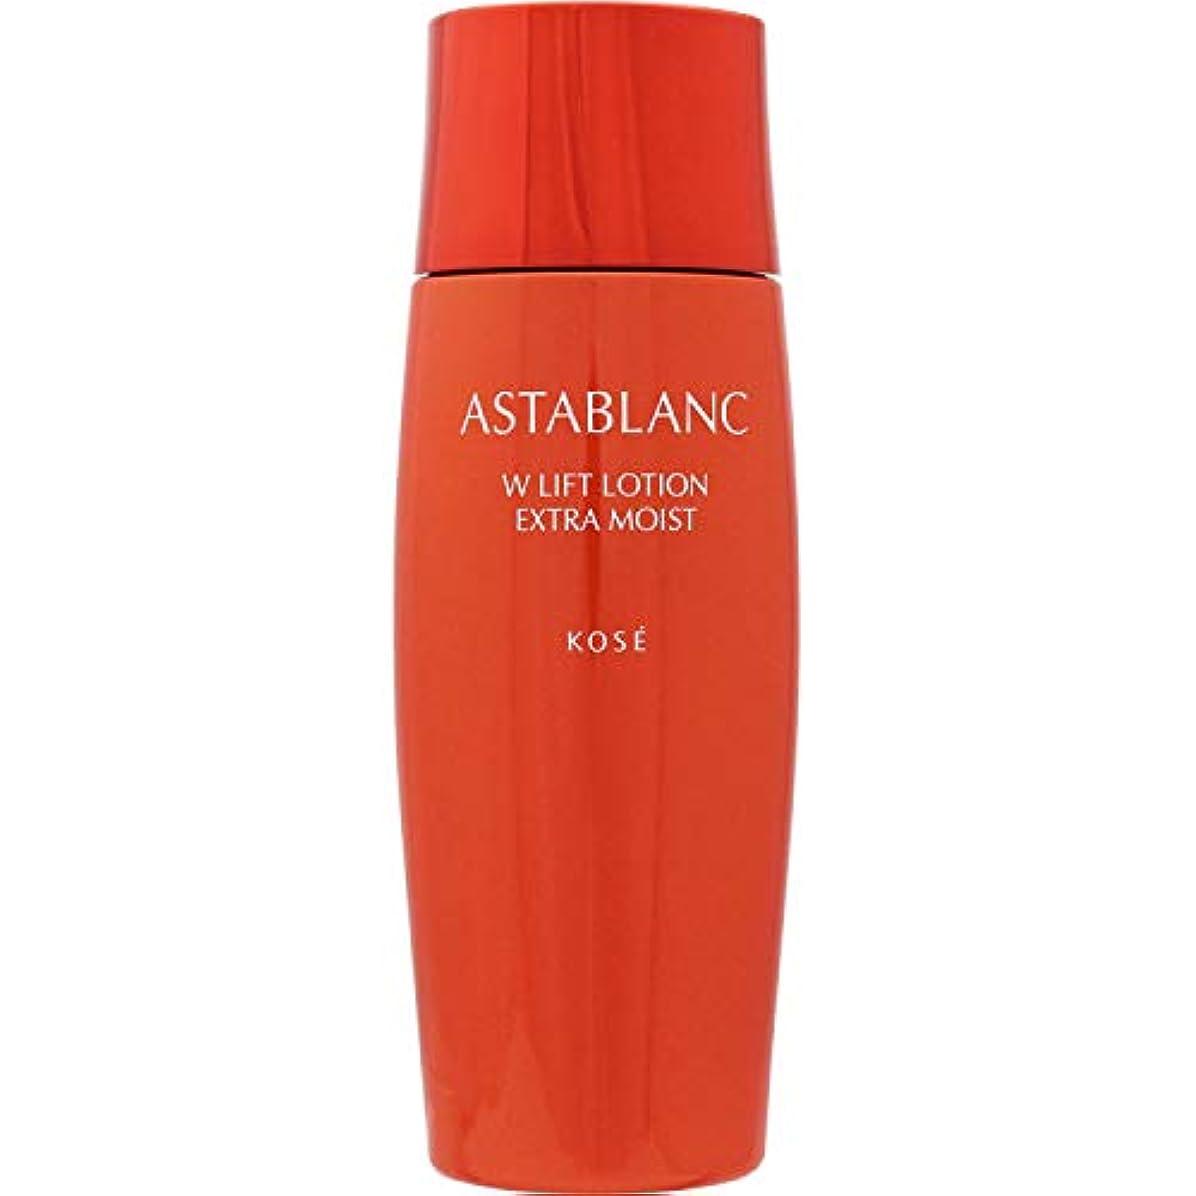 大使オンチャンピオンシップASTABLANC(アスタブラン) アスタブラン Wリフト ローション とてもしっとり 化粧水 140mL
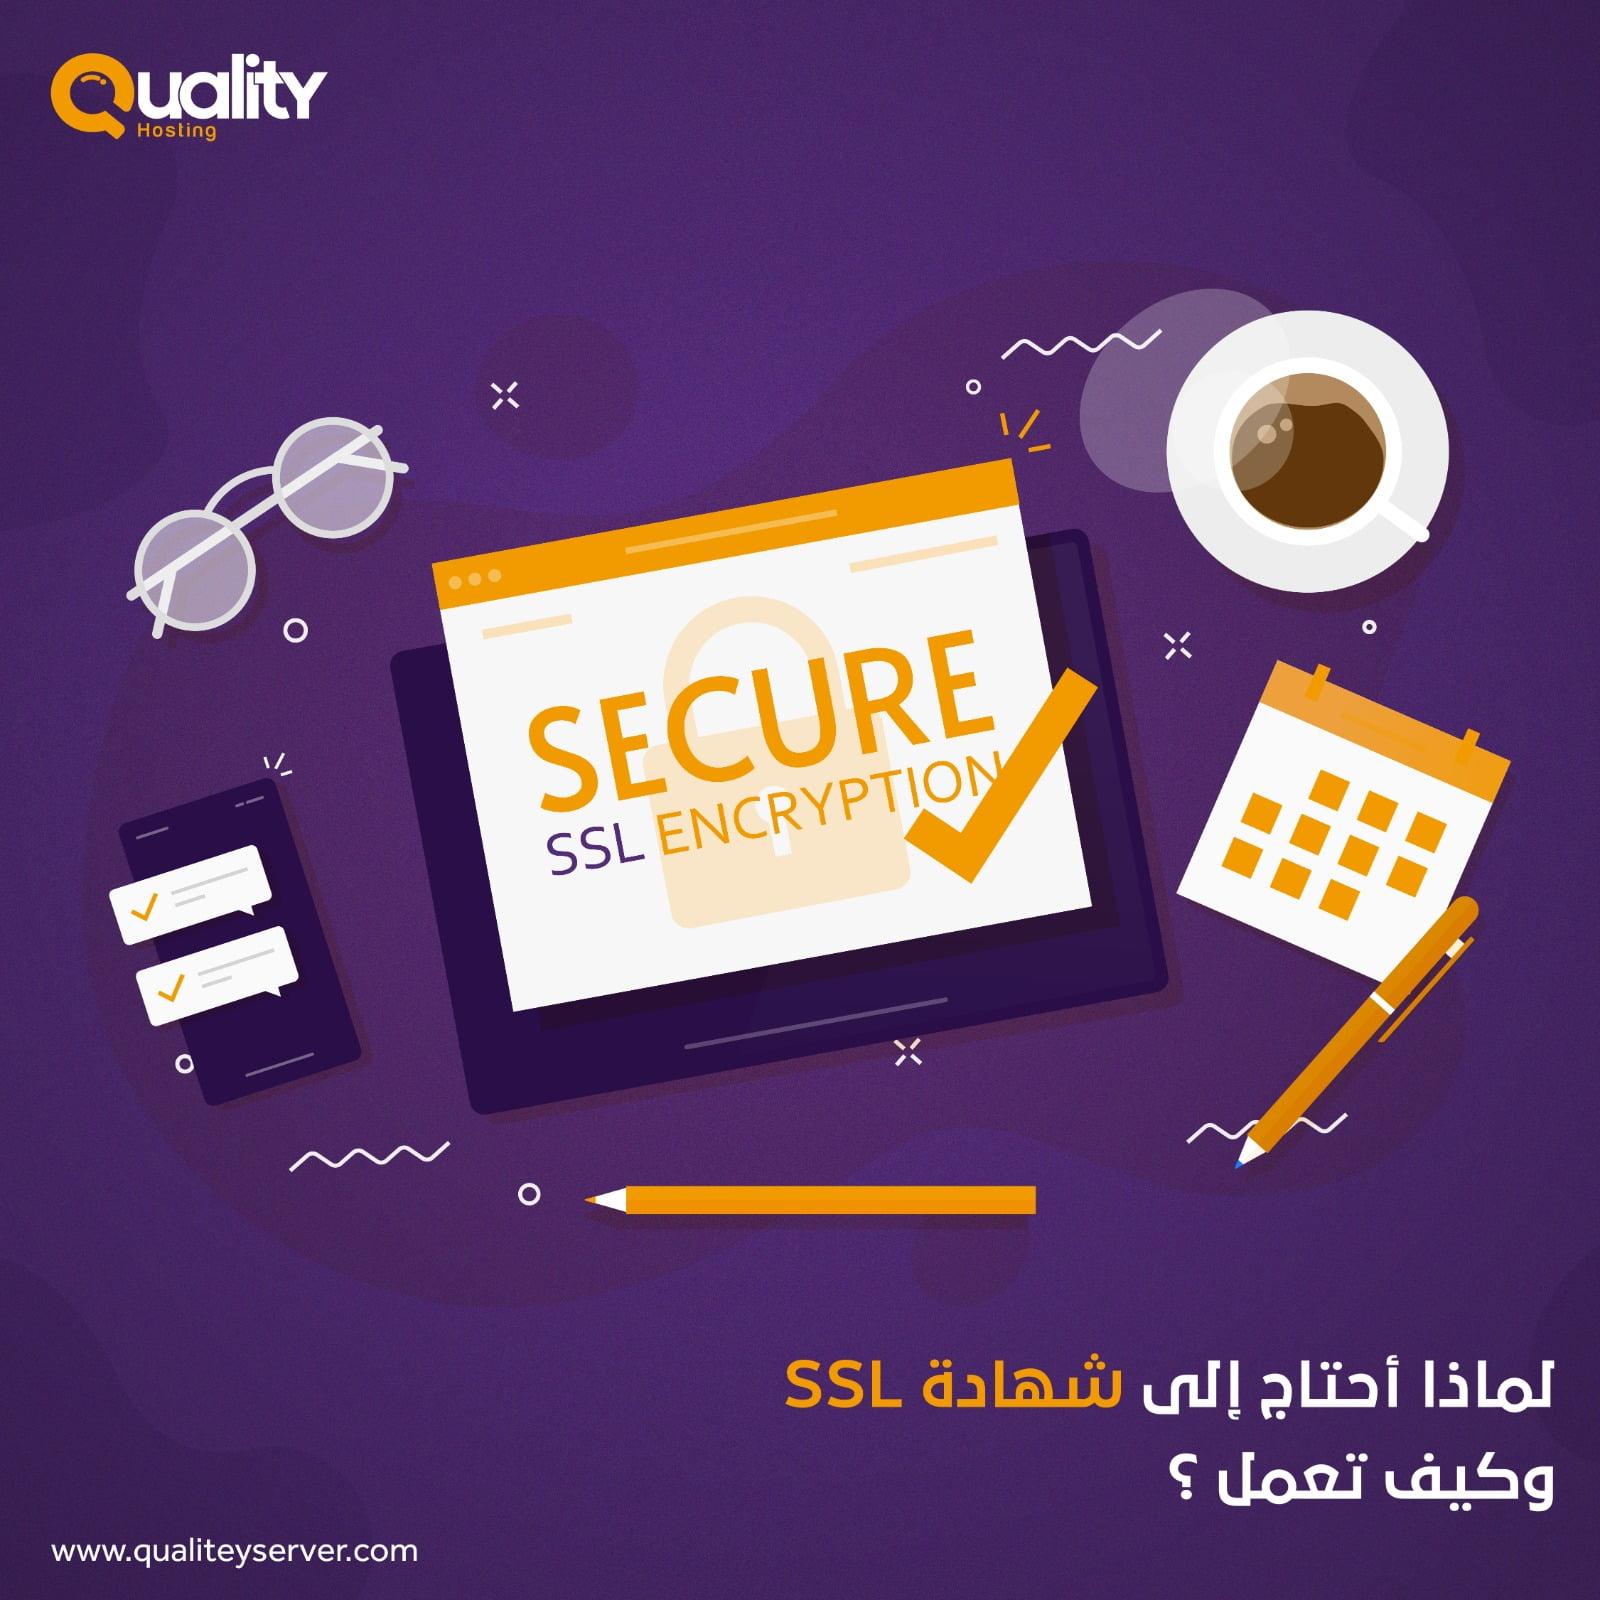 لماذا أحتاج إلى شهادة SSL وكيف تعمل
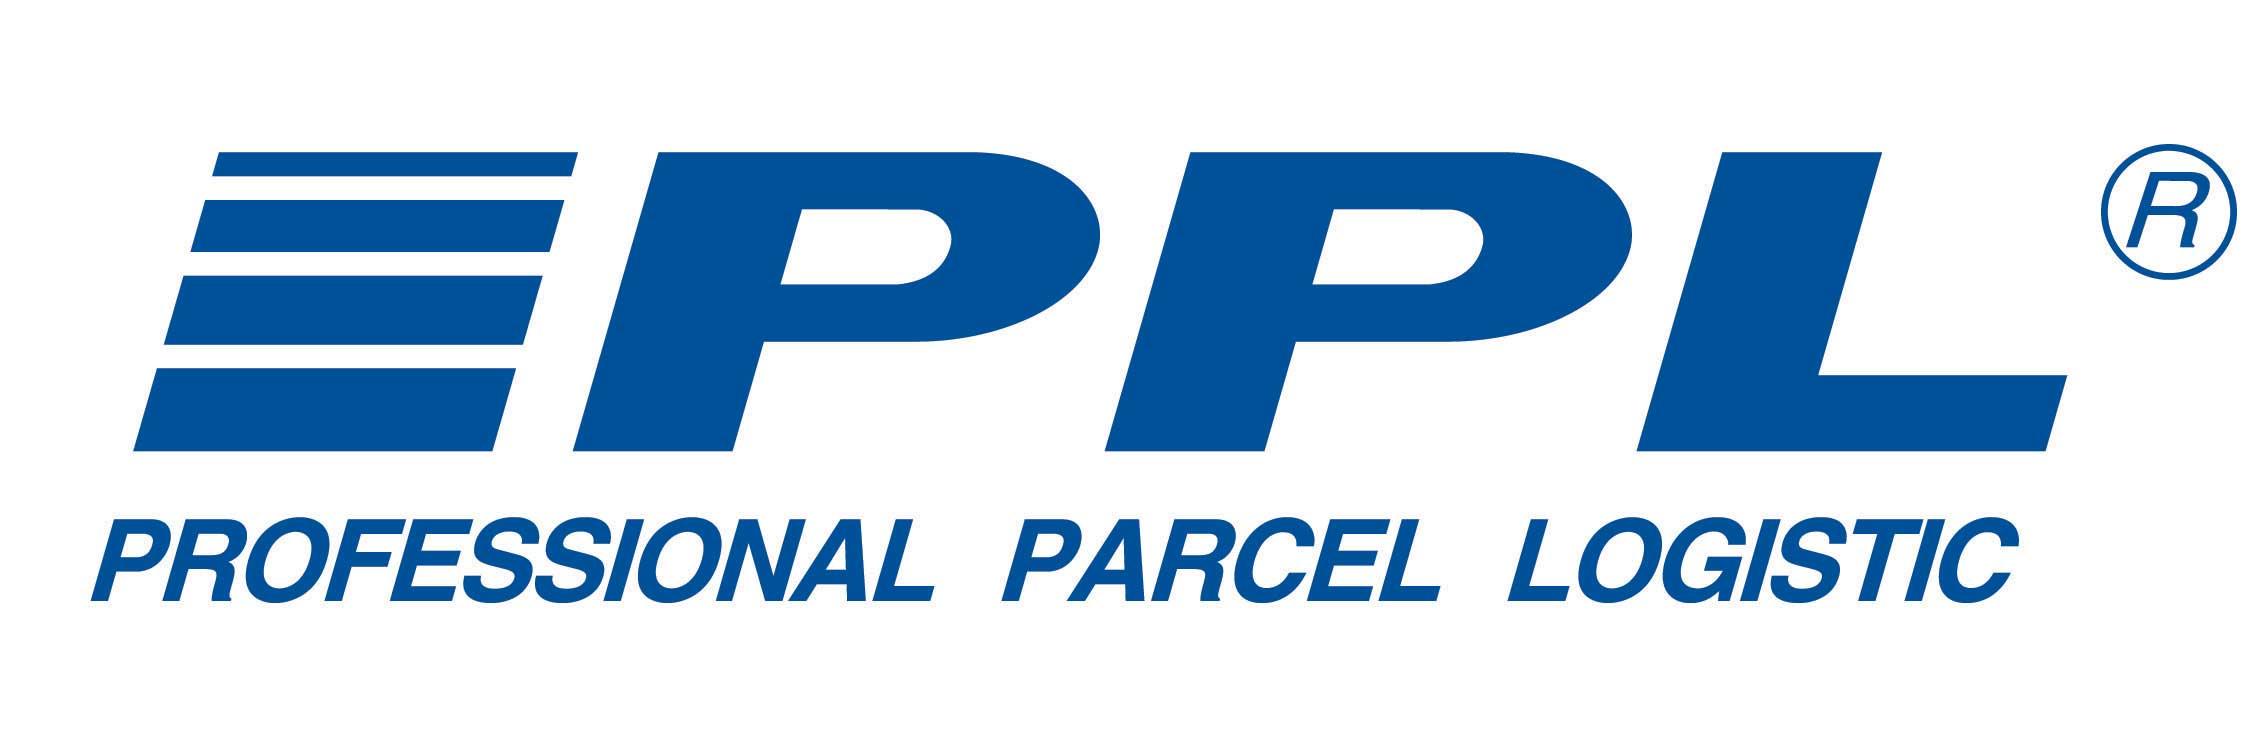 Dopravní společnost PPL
§ §
## Exercise
Write out exactly the lines from the line that contains "لماذا أحتاج إلى شهادة SSL وكيف تعمل" to the last line of the material above, both included; pictures do not belong in the copy.

## Reply
 لماذا أحتاج إلى شهادة SSL وكيف تعمل
 Dopravní společnost PPL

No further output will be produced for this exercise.